How to shorten large union queries in Snowflake
Recently I was trying to reduce the size of a large union query in Snowflake where the only thing that changed between the queries was the schema name. If you work with SQL professionally, you’ve probably encountered something like this:
select
'COMPANY_NAME' as Company
, GL.ACTNUM as Account_Number
, ACT.DESCRIPTION as Account_Name
from COMPANY_NAME1.General_Ledger_Table GL
inner join COMPANY_NAME1.Account_Name_Table ACT
on ACT.ID = GL.ID
union all
...
select
'COMPANY_NAME' as Company
, GL.ACTNUM as Account_Number
, ACT.DESCRIPTION as Account_Name
from COMPANY_NAME17.General_Ledger_Table GL
inner join COMPANY_NAME17.Account_Name_Table ACT
on ACT.ID = GL.ID
The query that inspired this post was originally a SQL Server query, but with Fivetran, we’ve now pushed all of our data up to Snowflake. This felt like the perfect time for a redesign - turns out there is a much better way to do this in Snowflake!

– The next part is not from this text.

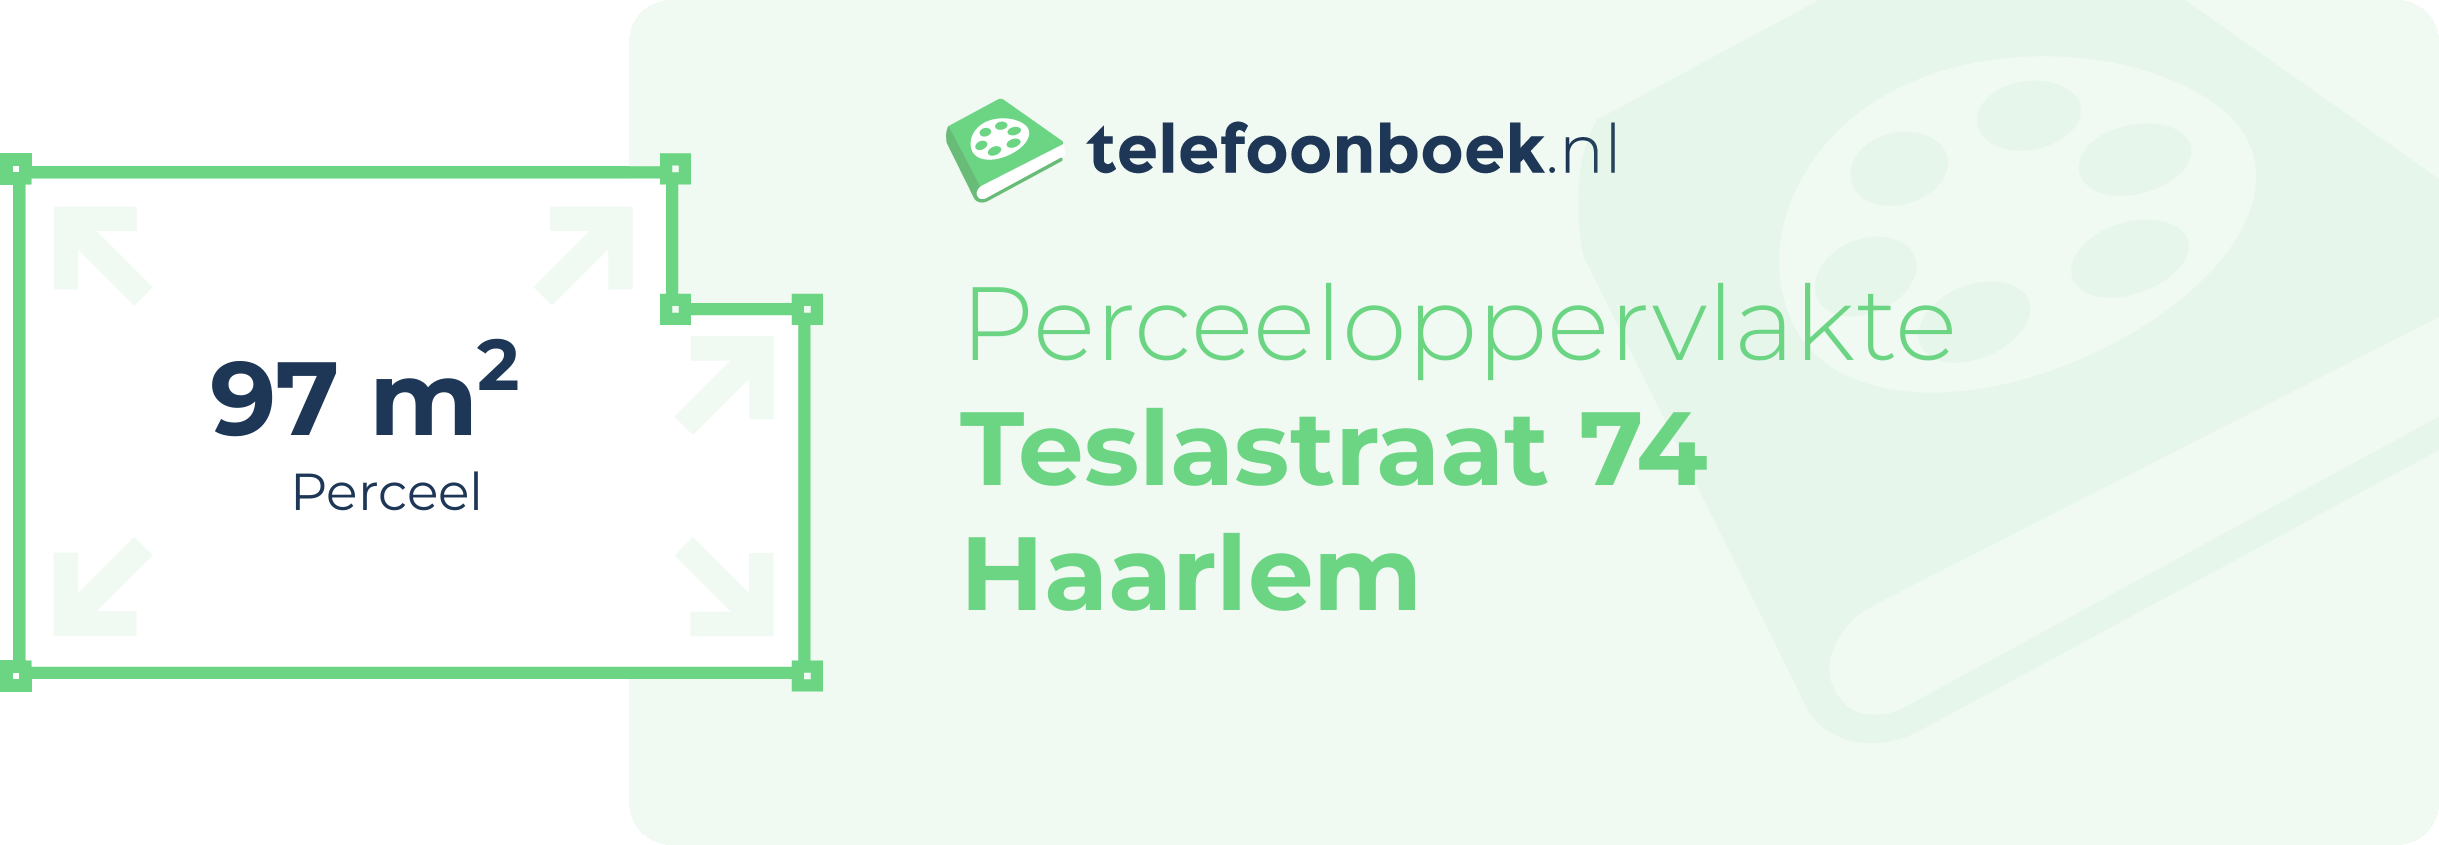 Perceeloppervlakte Teslastraat 74 Haarlem

Here is a basic example that accomplishes the same as above. Snowflake supports for loops, and by using the resultset
keyword in a for loop, you can return a table similar to a select
statement.
The code below loops over a list of company names (the results of the ‘organization’ cursor in the below example), unions the results together, and then returns the final results using a resultset
:
set ro = 'sysadmin';
set wh = 'my_wh';
set db = 'dev';
set sch = 'my_schema';
use role identifier($ro);
use warehouse identifier($wh);
use database identifier($db);
use schema identifier($sch);
declare
sql varchar;
final_sql varchar;
/* The results of the organization cursor
should return the database names you want to
loop over */
organization cursor for (select COMPANY_NAME from MY_TABLE);
my_results resultset;
begin
final_sql := '';
for company in organization do
sql := $$select 'COMPANY_NAME' as Company
, GL.ACTNUM as Account_Number
, ACT.DESCRIPTION as Account_Name
from COMPANY_NAME.General_Ledger_Table GL
inner join COMPANY_NAME.Account_Name_Table ACT
on ACT.ID = GL.ID
$$;
sql := replace(sql, 'COMPANY_NAME', company.COMPANY_NAME);
if(final_sql != '')then
final_sql := final_sql || ' union all ';
end if;
final_sql := final_sql || sql;
end for;
my_results := (execute immediate :final_sql);
return table(my_results);
end;
Note that this is a simplified example for the purposes of this blog. Using similar logic I was able to reduce a 300 line production query to ~40 lines of code!